Euchromatic hobo-related sequences have been found to be in fixed positions in six E strains analysed, at 38C, 42B, 55A, 79E, 80B, 82C, 84C and 84D. The hobo related sequences from Oregon-R and iso-1 are substantially diverged and rearranged and cannot code for a functional hobo\T.
Sequences flanking a donor hobo do not influence subsequent integration site preference, whereas sequences contained within 31bp flanking an integration hot spot have a significant effect on the frequency of integration into that site. The lack of a common sequence motif in the DNA flanking several hot spots suggests that higher order DNA structural characteristics of the DNA and/or chromatin may influence integration site selection by the hobo.
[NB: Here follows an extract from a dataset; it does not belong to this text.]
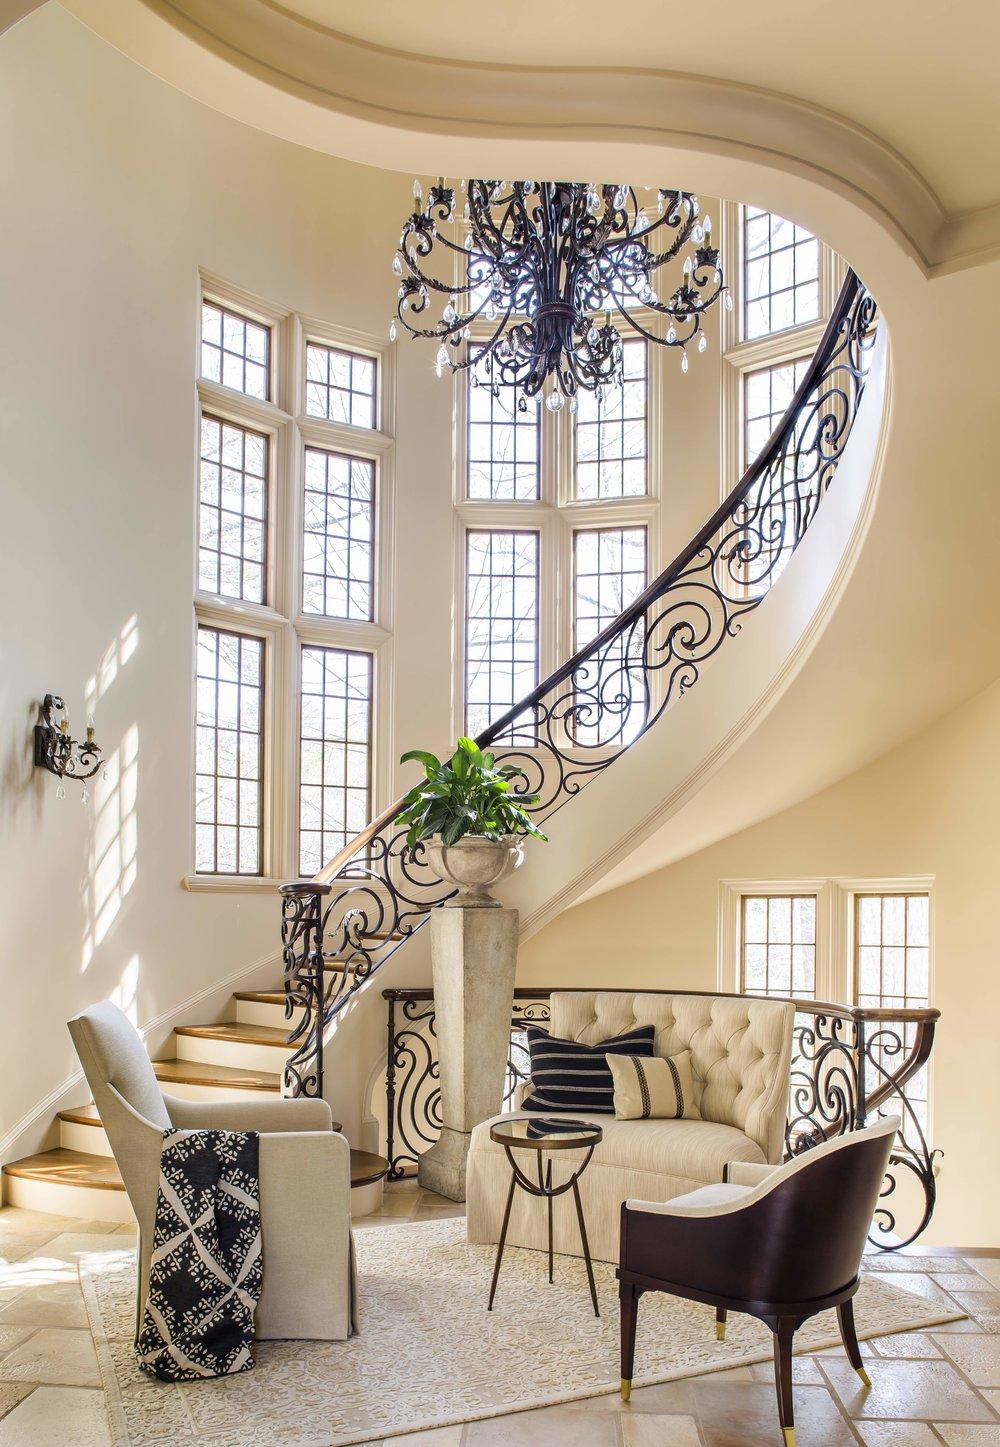 MDG - Foyer - Staircase.JPG
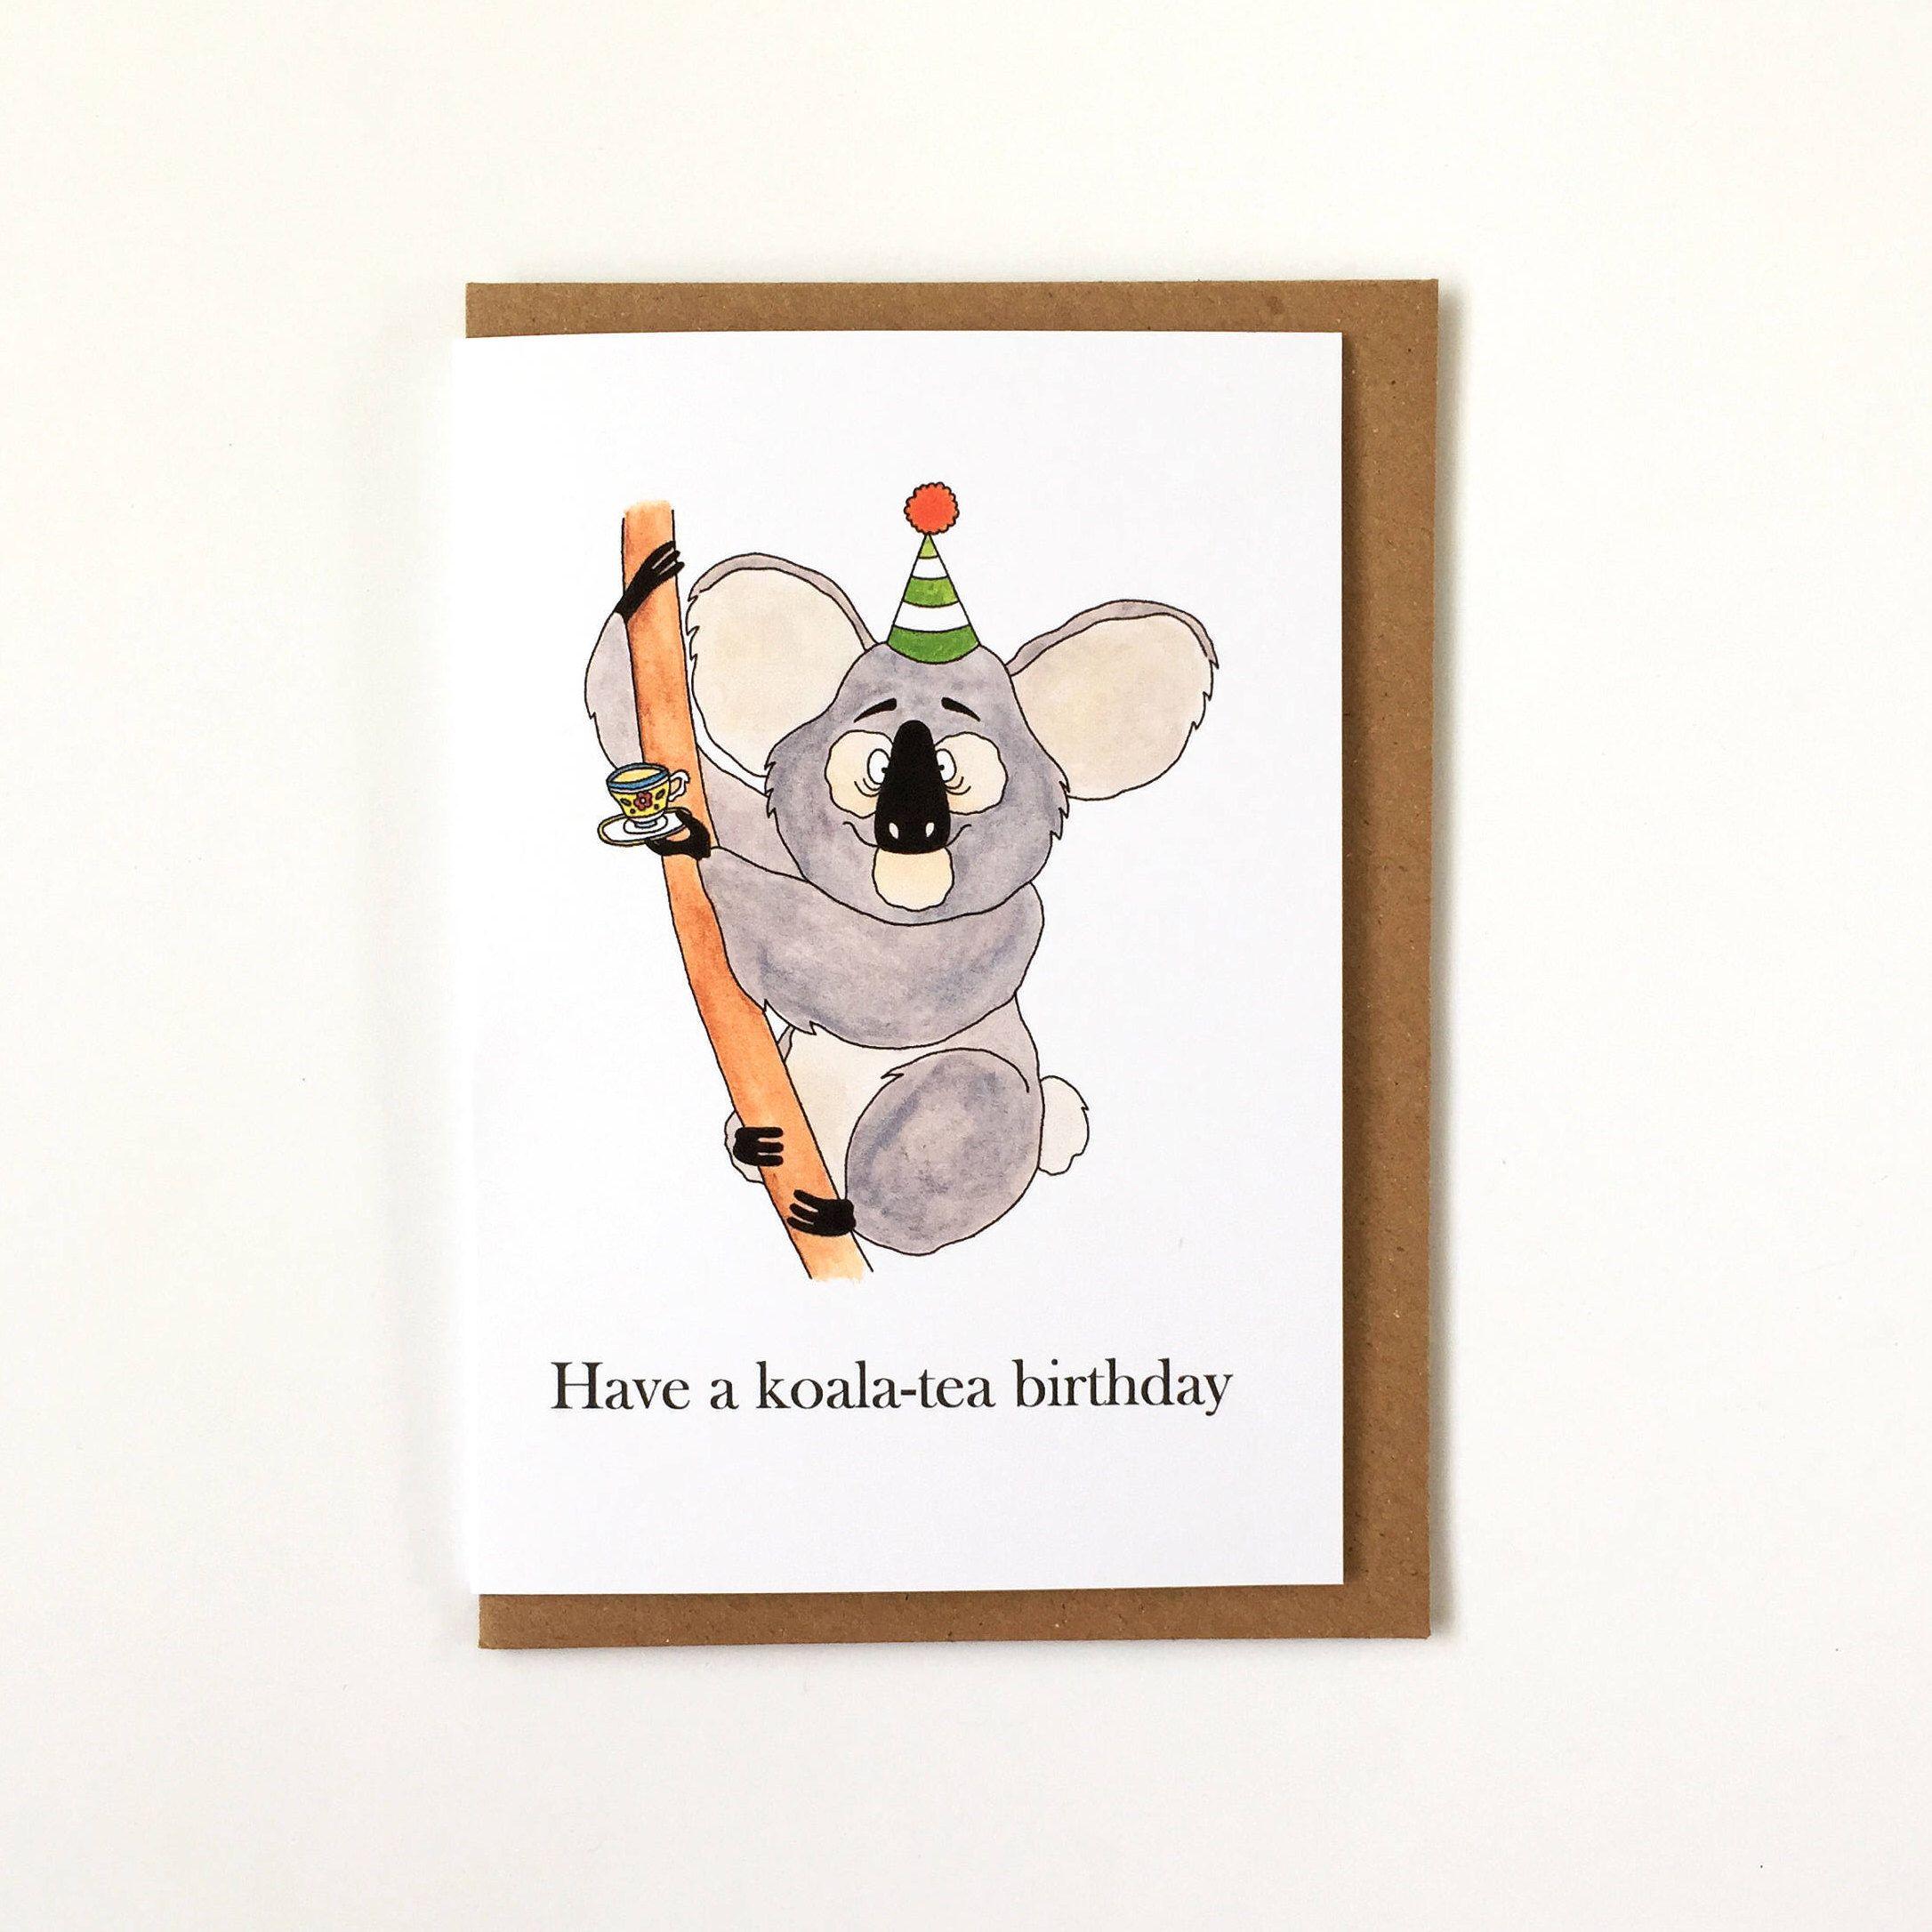 Have A Koala Tea Birthday Pun Humour Card Happy Birthday Etsy Happy Birthday Greetings Card Koala Tea Birthday Puns

Molecular and GD sterility tests are not sufficient to classify strains in the hobo system. All the components of the dysgenic syndrome must be taken into account.
The function of hobo transposon in tephritid species is tested in transient embryonic excision assays. Wild-type and mutant strains of A.suspensa, B.dorsalis, B.cucurbitae, C.capitata and T.curvicauda all support hobo excision or deletion both in the presence and absence of co-injected hobo transposase source. This indicates a permissive state for hobo motility and the existance of endogenous systems capable of mobilising hobo.
Several Drosophilid and tephritid species are permissive for hobo motility, tephritid species harbour hobo-related elements. hobo excision occurred in the absence, as well as the presence, of hobo\T in both insect families. This suggests that cross-mobilisation systems exist in a broad range of insects.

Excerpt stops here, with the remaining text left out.